In D&D that is known as the edition wars. Psychologically that is the same well-known effect as people being angry about somebody playing a different MMORPG than they are. Pen & paper games as well as MMORPGs consume so many hours, that they become akin to a lifestyle choice. And somebody choosing a different lifestyle than you are is perceived as a threat, as it calls into question whether your choice was the right one.
Tobold

While one might have trouble overestimating the inferiority complexes and senses of entitlement on display in many online discussions, another take is that choosing a different MMO or edition is a threat because it diverts resources away from your choice and increases the threat that your game will fall below the critical mass necessary to maintain support for it.

The fewer people that play your game, the harder it is to find people to play with. It also means less developer time and effort being spent on your game, because there are less resources to support them. In MMOs, that can lead to games going offline, at which point you cannot play anymore. Pen and paper games do not have that risk, but to the extent that there is value in having a supporting gaming community, you need them to support your game.

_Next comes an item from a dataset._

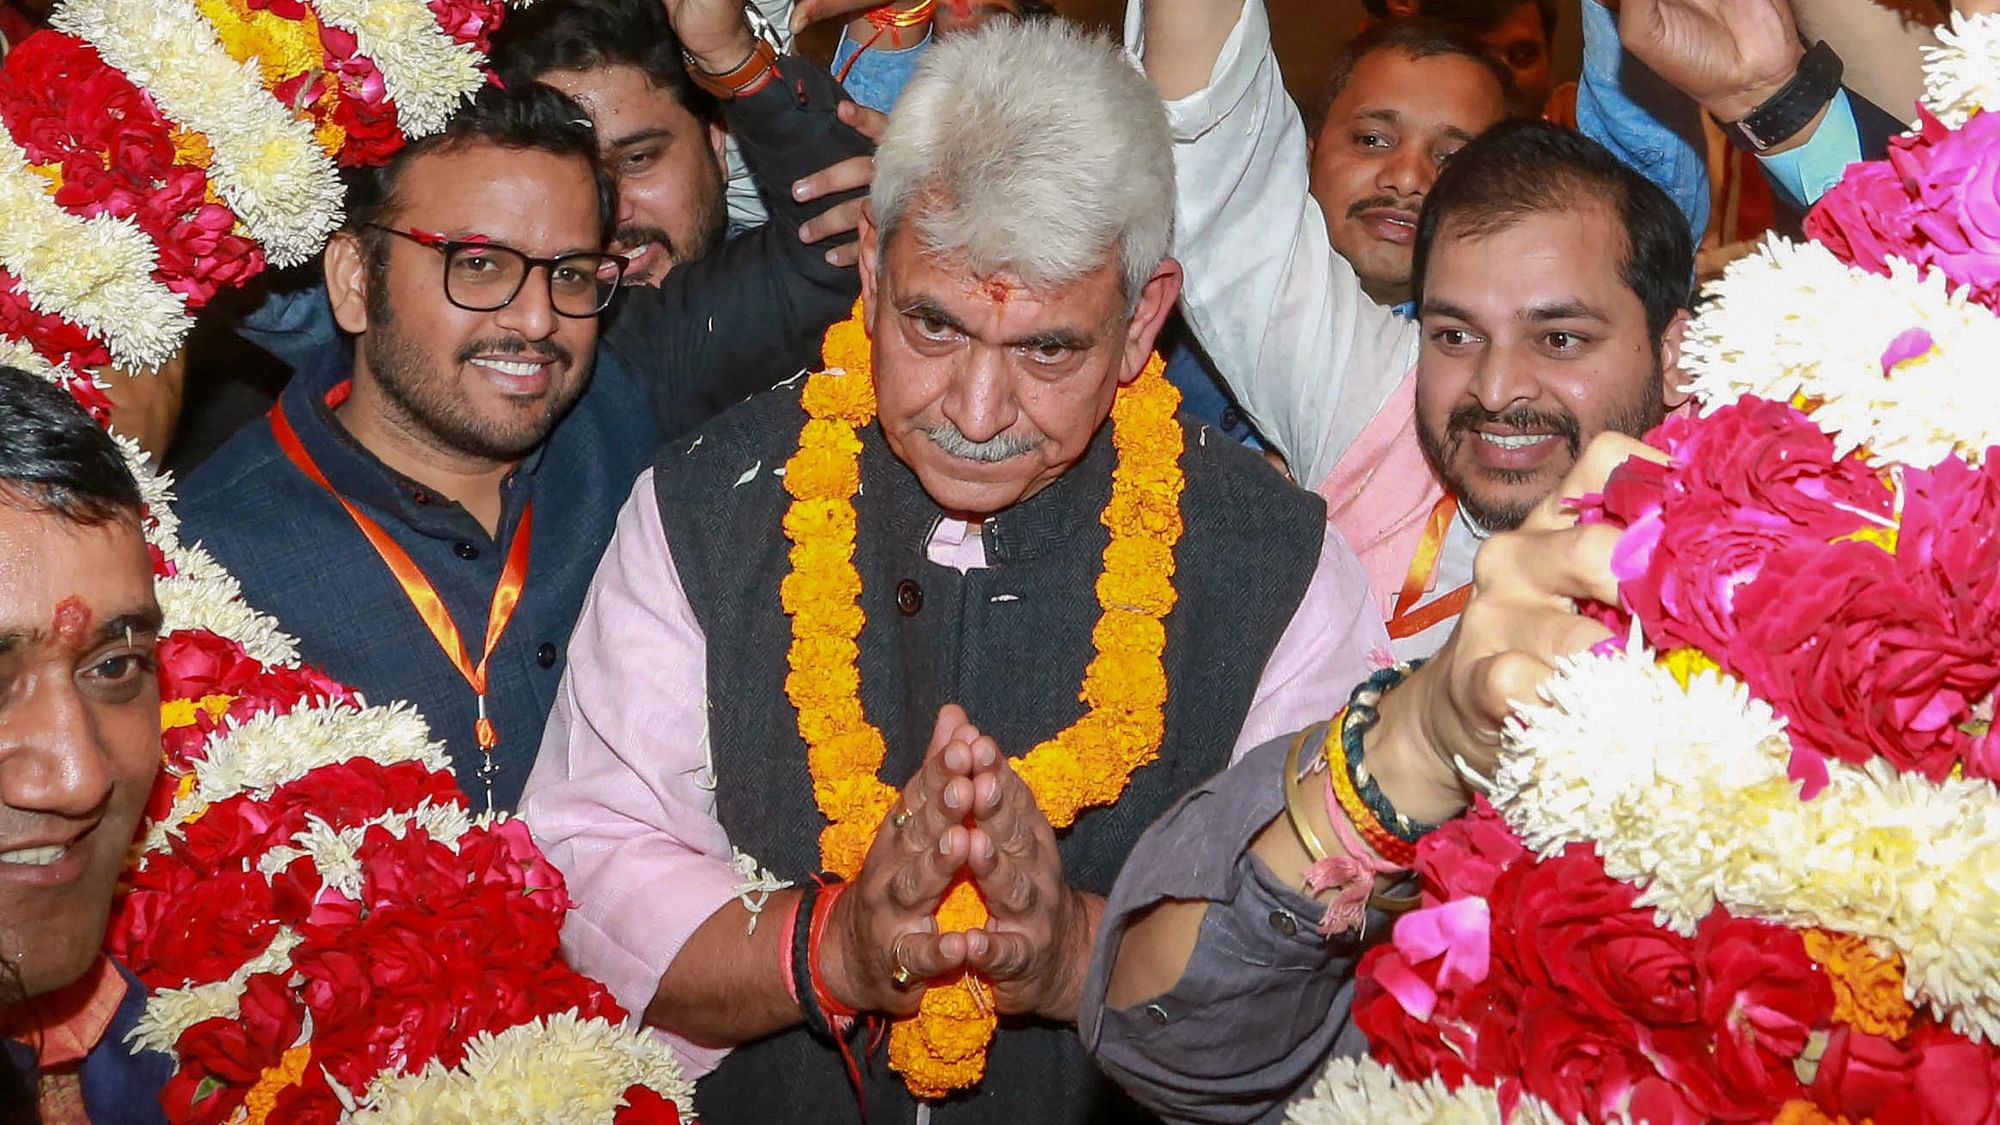 Then Union Communications Minister, and now J&amp;K L-G, Manoj Sinha being felicitated during ‘Ghazipur Samagam’, in Lucknow, Sunday, 9 December 2018. Image used for representation.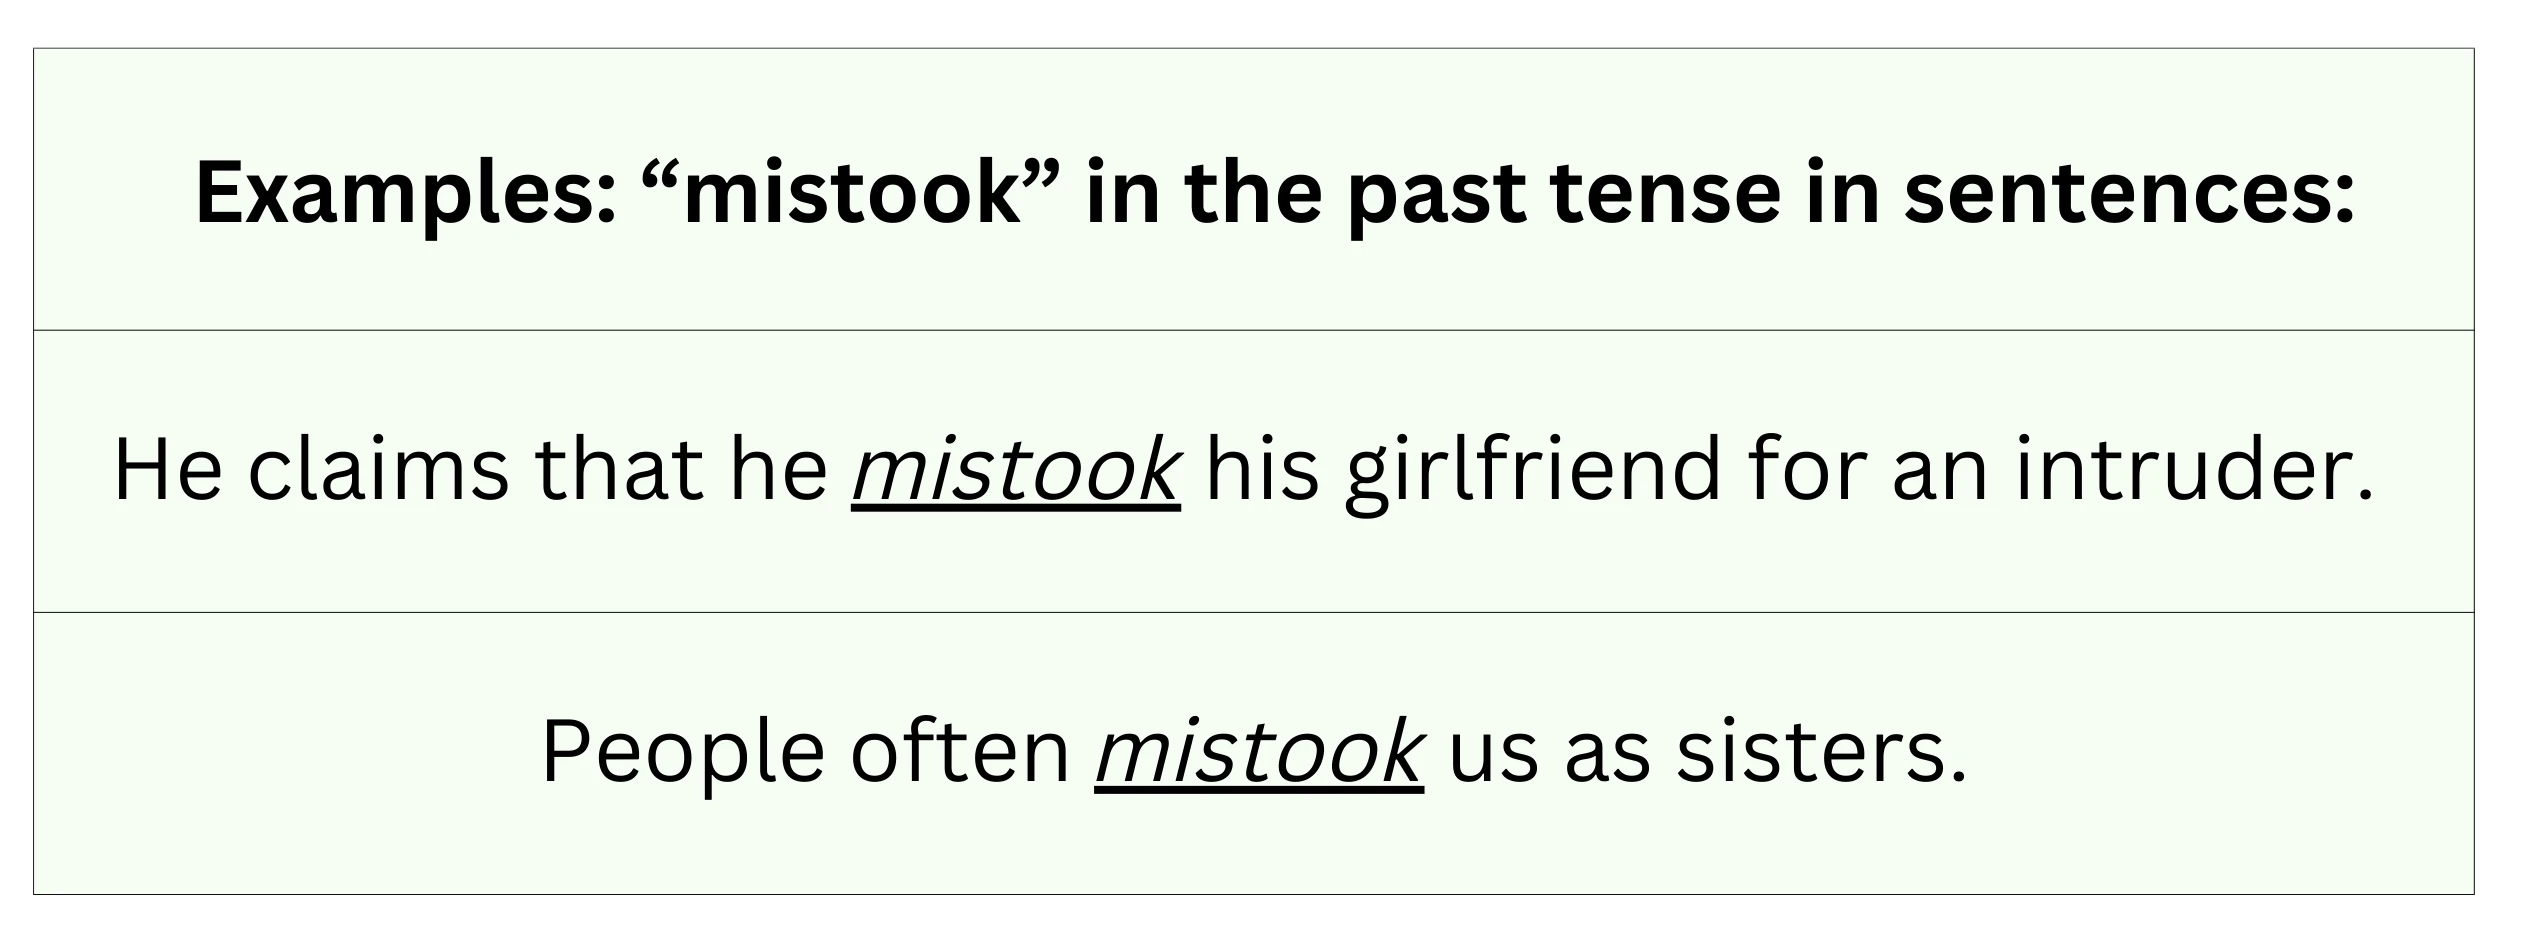 Past tense of mistake in sentences.

And the closer someone is to your game, the more problematic it is that they are not playing your game because they could be. They face the exact same problem that you do, in terms of needing attention on a particular game, but they are making that exact same problem worse by going with you 90% of the way and then diverting attention at the last moment (and of course the fools see you as the one causing the problem). Maybe this will be the expansion that radically expands the playerbase, as WoW did for MMOs, but most games are competing for the same pool of players. The scarcer resources are, the uglier the fights over them tend to be.